Portland to pay $ 5,000 to settle trial of Montana man sued by police while holding “Liability” sign after protest
The city of Portland is set to pay $ 5,000 to settle a lawsuit filed by a 22-year-old Montana man who alleged that officers violated his free speech and falsely arrested him last summer after chasing him from the sidewalk in front of his hotel where there was a sign that read âResponsibilityâ and âTransparencyâ.
The city made the offer before Cale Josephs’ lawyer dismissed the officers involved.
Josephs and her boyfriend had participated in a protest earlier that night outside the Justice Center in downtown Portland in support of the Black Lives Matter movement.

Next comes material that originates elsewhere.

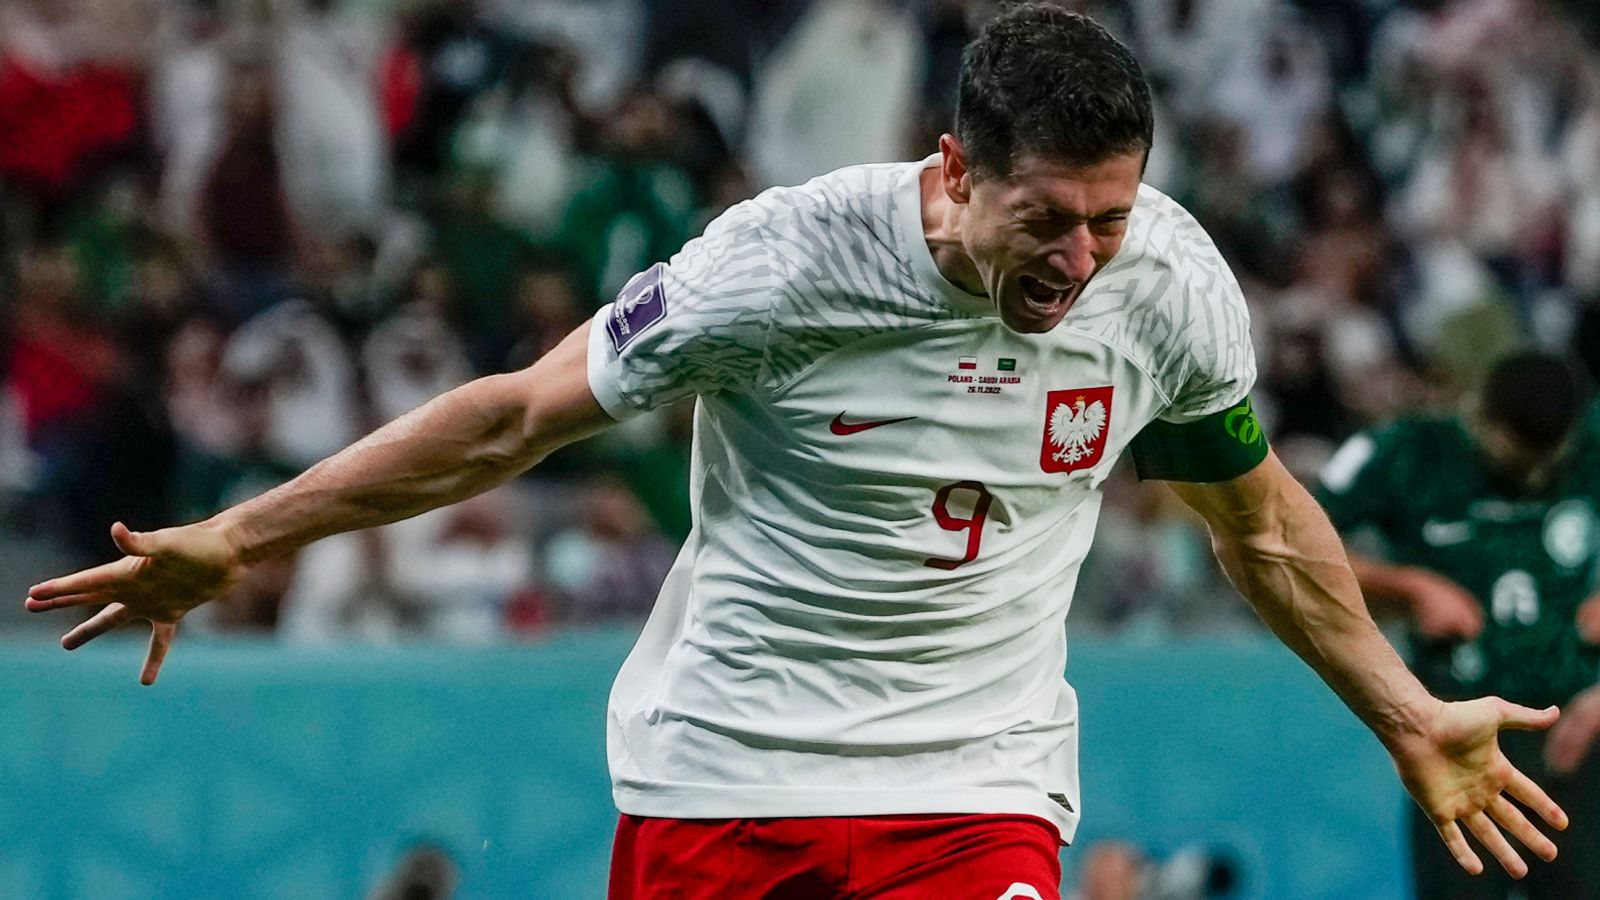 Poland 20 Saudi Arabia Robert Lewandowski scores first World Cup goal

After police ordered the crowds to disperse, Josephs and his friend returned to their hotel, the Mark Spencer in the 400 block of Southwest 11th Avenue, and were standing on the sidewalk opposite when three police officers pulled up. suddenly rushed towards them in their cars, according to his lawyer.
Three officers came out and chased Josephs into the hotel lobby. He was taken into custody at around 12:30 a.m. on June 8, 2020, and accused of interfering with the police, but prosecutors never filed a complaint.
Josephs was unaware that prosecutors had closed the case until he returned to Portland about a month later from his home state for the arraignment date stated on his summons, his attorney Neal said. Weingart.
Weingart called the settlement a âjust resolutionâ.
âI think they put Cale in a tough spot,â he said. “I hope the Portland Police Department notices when their officers act like this.”
Surveillance video, which does not include audio, showed Josephs pointing twice at the officers and apparently yelling something animatedly as the police pulled up to him and his friend. The officers suddenly rushed towards Josephs, prompting him to run. Police caught up with him and arrested him in the lobby, but not his boyfriend, the lawsuit says.
Josephs, according to the prosecution, held a sign reading “Accountability” and “Transparency” and officers told the couple they were violating the curfew, even though there was no curfew that night. , according to the lawsuit.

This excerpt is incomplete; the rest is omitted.